Just use the bloody Tool, OK?

By Daniel Samson · 2024-05-24

Two engineers can burn an entire afternoon arguing about whether the opening brace goes on the same line. A linter settles it in nought-point-nothing seconds and never gets defensive. Just use the bloody tool.

Style arguments are a tax on the team

Tabs versus spaces. Import ordering. Semicolons. Single versus double quotes. None of it affects whether the software works, and yet teams spend real, billable hours relitigating it in pull requests — usually with the most senior person's preference quietly winning by attrition.
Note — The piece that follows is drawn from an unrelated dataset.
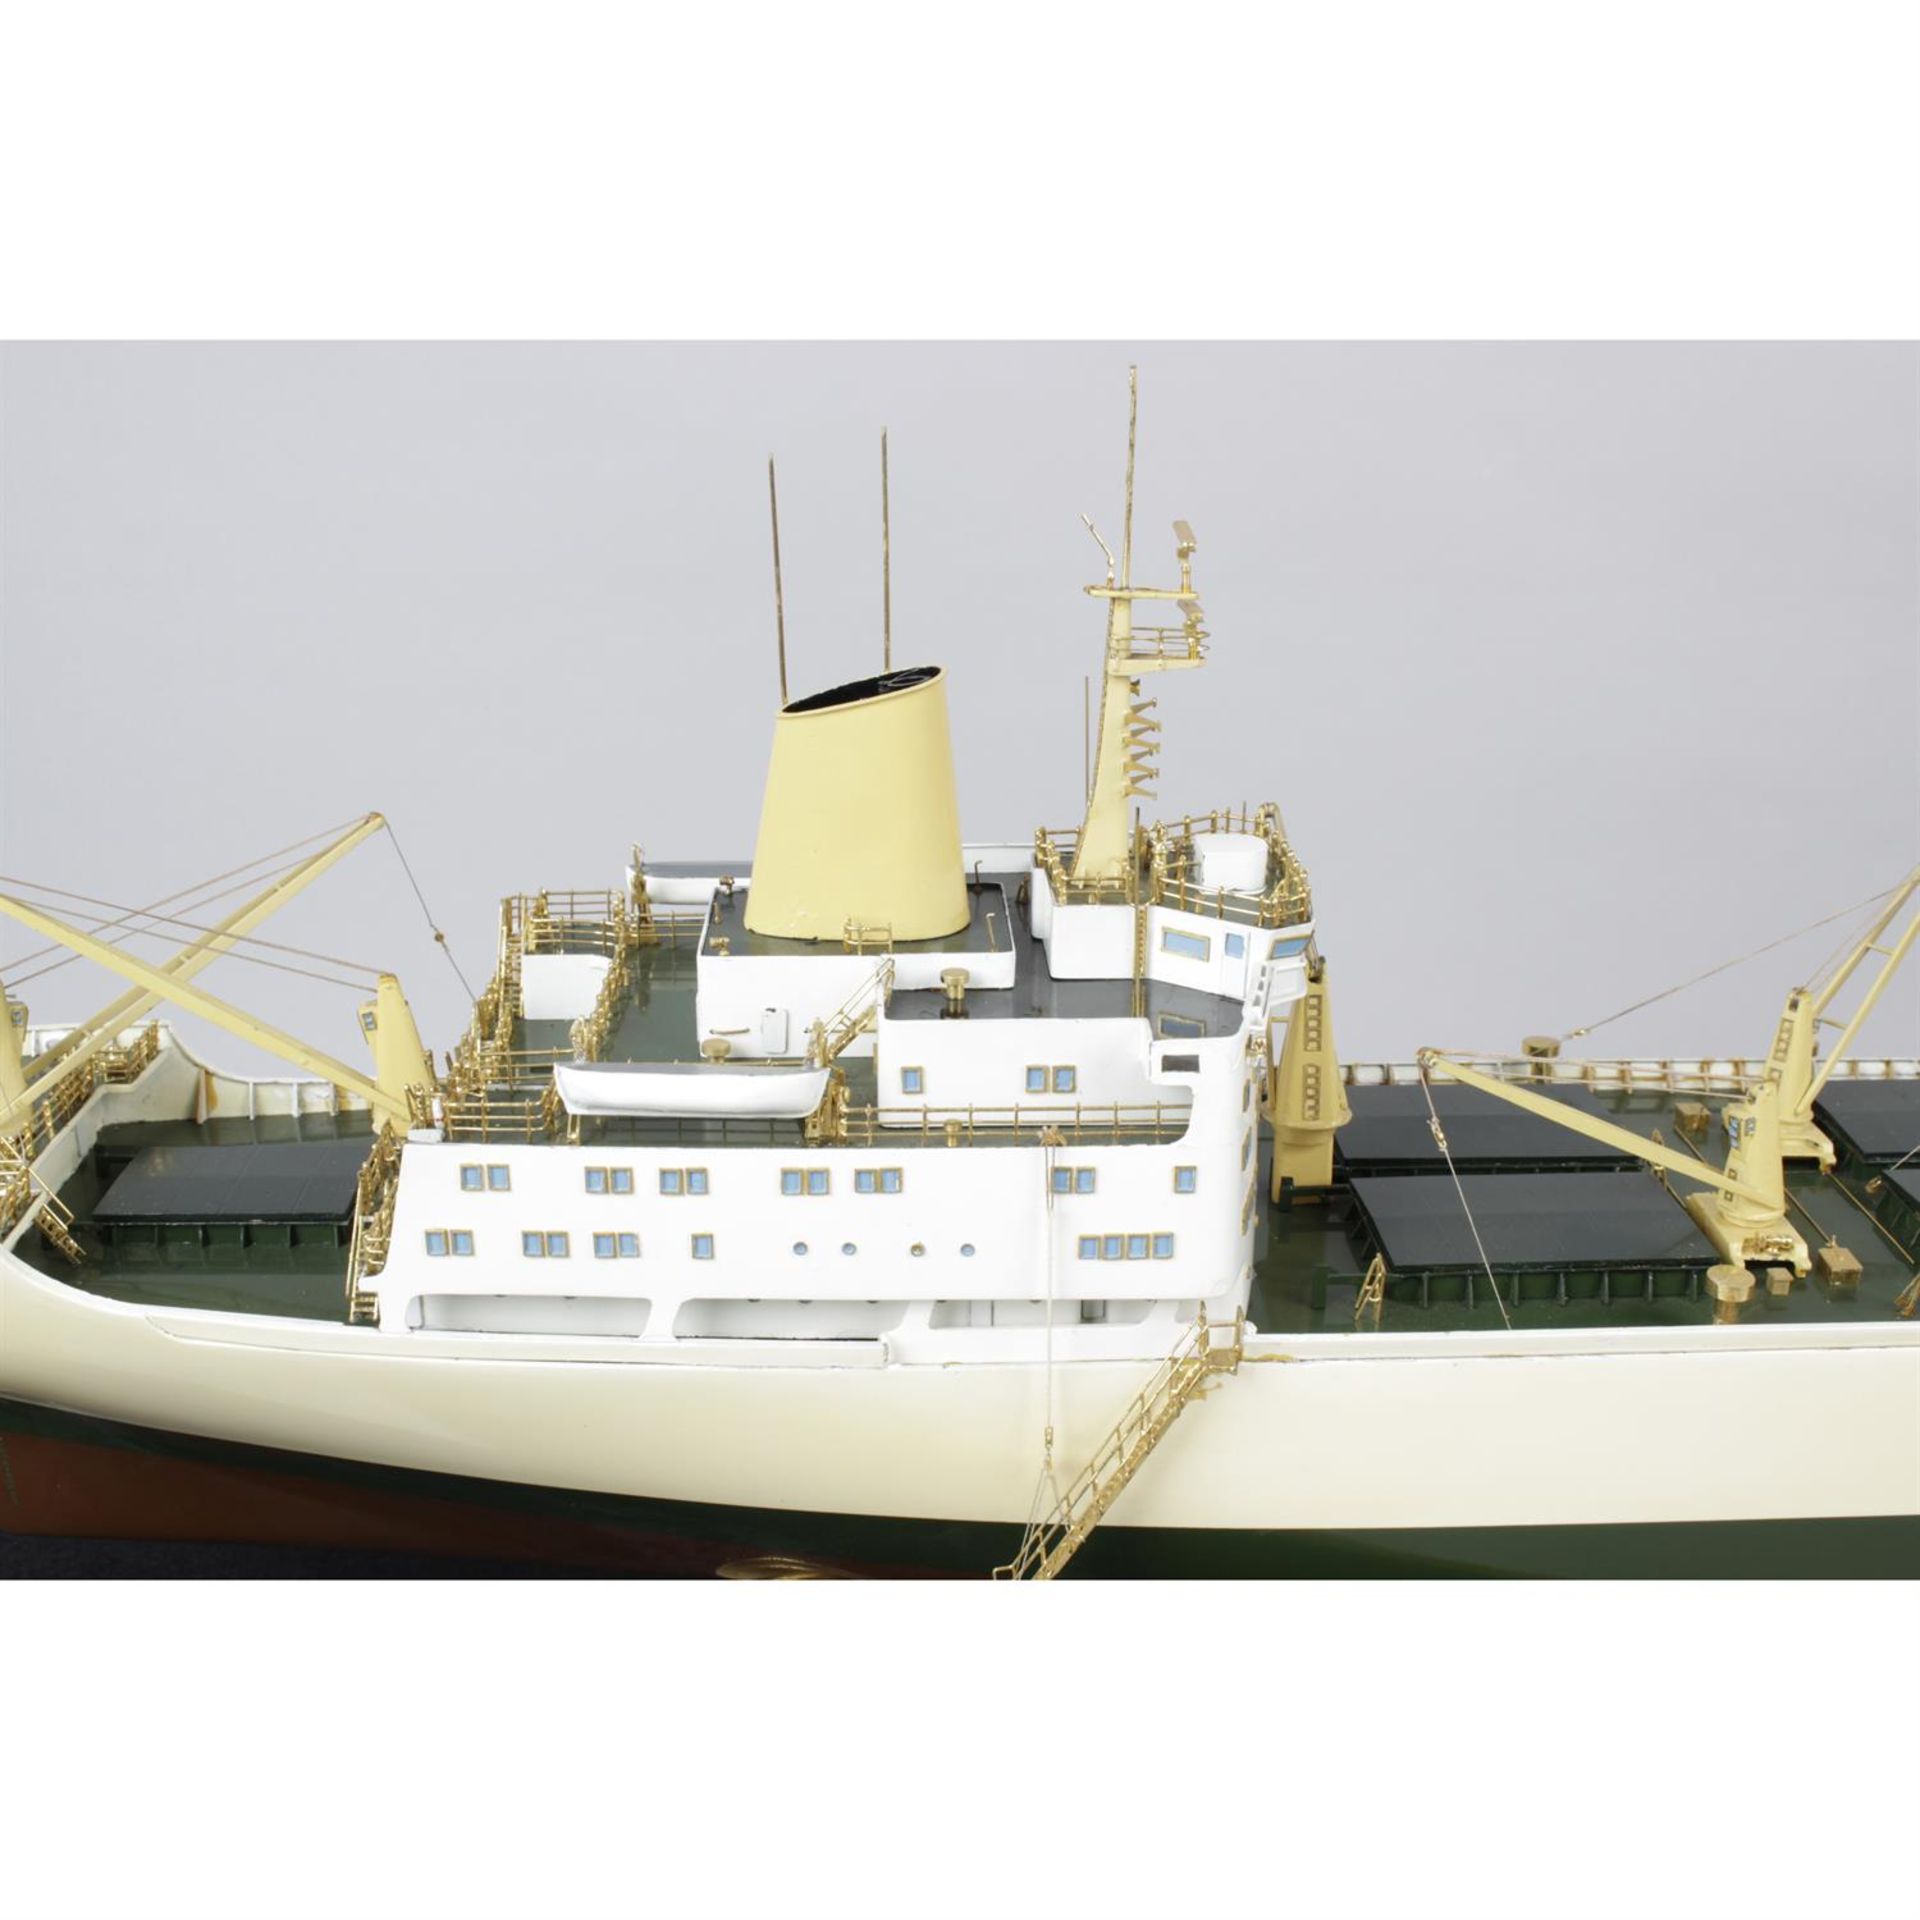 A fine boardroom or ship builders model of the Super High Speed Cargo Liner “Strathardle” of The - Image 2 of 5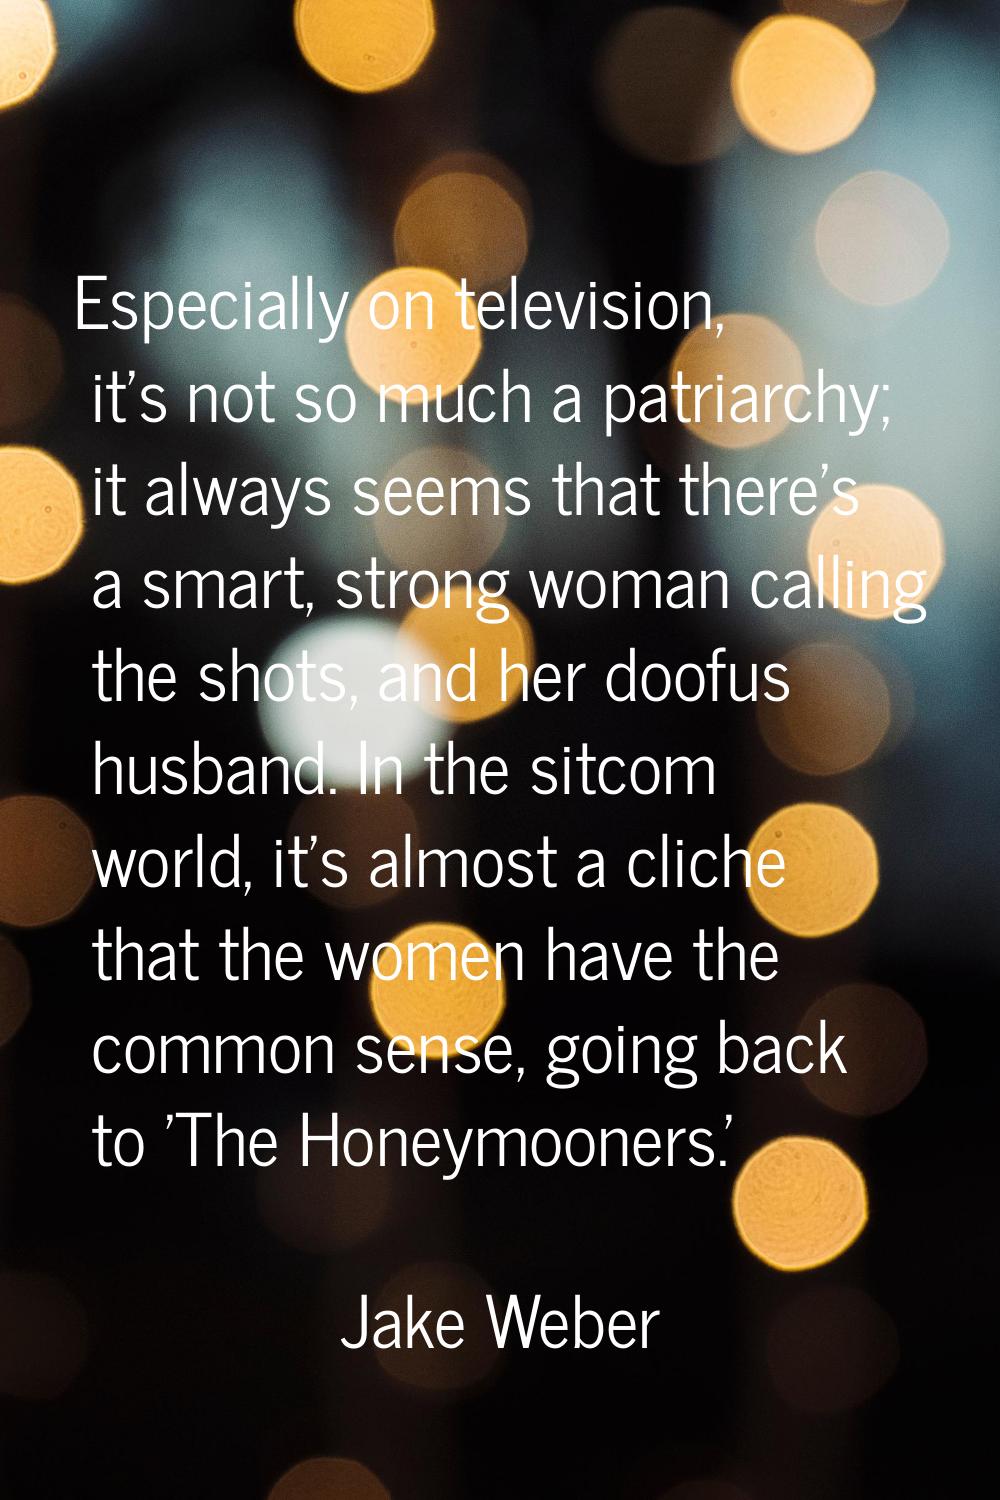 Especially on television, it's not so much a patriarchy; it always seems that there's a smart, stro

Let the tool be the bad guy

Prettier, ESLint, gofmt, rustfmt, Black — pick the one for your stack, agree the config once, commit it to the repo, and never have the conversation again. The beauty is that the tool is impartial. Nobody's ego is attached to its output. It's not Dave from the platform team imposing his taste; it's just the formatter, and you can't argue with the formatter.

If it isn't enforced, it's a suggestion

Run it in CI and fail the build on a violation. A style guide that lives in a wiki is a wish. A style guide that blocks the merge is a standard. Add a pre-commit hook so people get the fix before they even push.

Spend your disagreement budget where it counts

You have a finite amount of energy for conflict on a team. Don't waste it on brace placement. Save it for the things a tool can't decide for you: the architecture, names that actually convey intent, the edge case everyone's pretending won't happen. Automate the trivia so you've got something left for the decisions that matter.